Susan Phillips, former assistant town manager for 27 years, worked with Clair during both of his terms as commissioner. She described him as an extremely brilliant, community-minded Longboater who wasn’t the type of commissioner to chime in on every topic, but he would add valuable perspectives when he was knowledgeable on a subject.
His community involvement wasn’t only as a commissioner. He was a member of St. Mary, Star of the Sea Catholic Church and served on the church’s finance committee. He volunteered with the Country Club Shores homeowners association and served on Longboat’s Revitalization Task Force. He was also part of Congressman Vern Buchanan’s advisory panel on cadet appointments to the U.S. service academies.
Randy and Jean also turned out for various community events.
“They supported anything going on with the chamber or the garden club,” Phillips said.
Clair picked up golfing when he moved to Longboat Key, and hit the green once a week. He hit a hole-in-one during one Sarasota outing.
“They couldn’t find the ball,” Jean said. “They didn’t see it go in the hole.”
Professionally, Clair was an attorney who represented the oil company Amoco for almost three decades. His cases centered around maritime law and issues, merging his passion for boating and his career. Perhaps the most consequential cases in his career came from representing Amoco after a 1978 oil spill, spending more than a decade on lawsuits and counter lawsuits stemming from the 216,000-ton spill.
His work took him across the globe, traveling to Europe, South America, Asia and the Middle East. He always returned with dolls for each of his three daughters.

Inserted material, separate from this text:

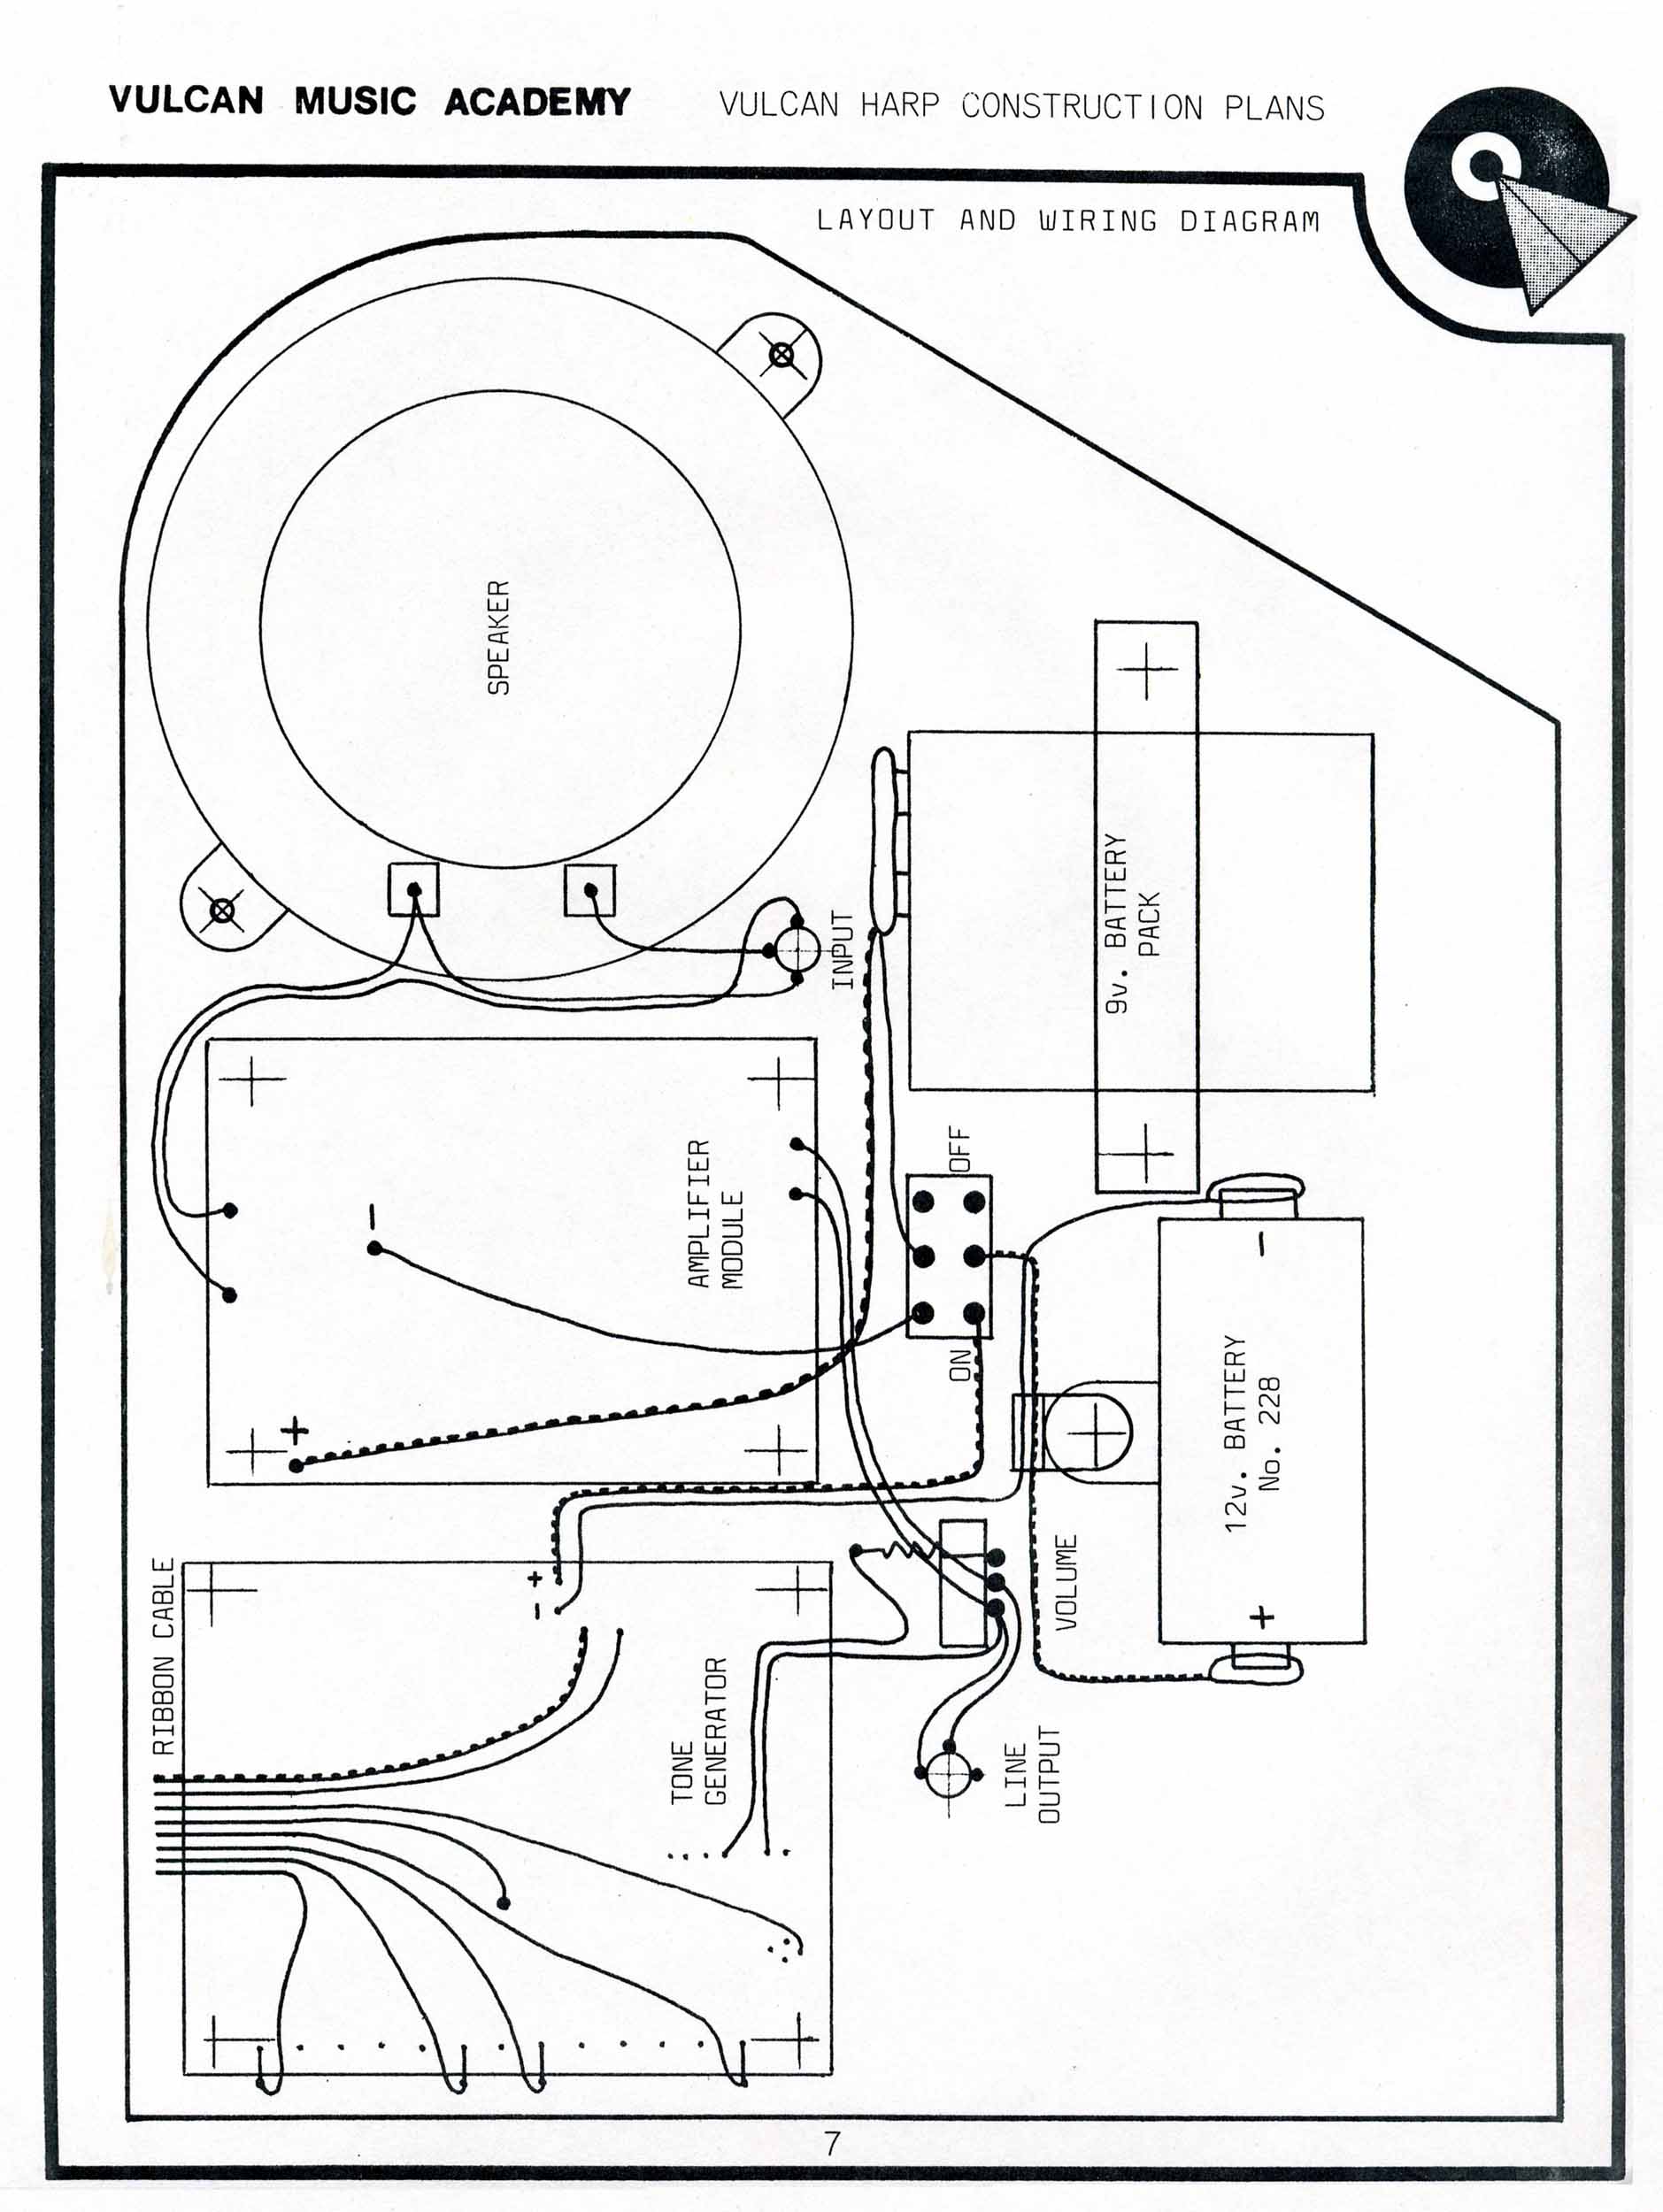 e47481vulcan-harp-construction-plans-sheet-7z219.jpg

Clair was the kind of guy to help his neighbors, showing he cared by his actions more often than his words. After a neighbor lost his eyesight, Randy stepped up to help how he could, stopping by once a week to read his mail to him.
“He was that kind of guy,” Clair-Hayes said. And Clair-Noxon said her dad was handy, fixing things around the house any opportunity he had.

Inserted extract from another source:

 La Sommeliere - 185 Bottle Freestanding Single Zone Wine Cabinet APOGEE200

Always there to help family and friends, Randy was a problem-solver.
“I had to take communications law in college. I think I came home every other weekend for him to translate,” Clair-Noxon said. “He walked me through how to take a garbage disposal apart over the phone. We could just about call him for anything.”
Clair’s funeral Mass will be held at 1 p.m. on Saturday, Jan. 31 at St. Mary, Star of the Sea, 4280 Gulf of Mexico Drive.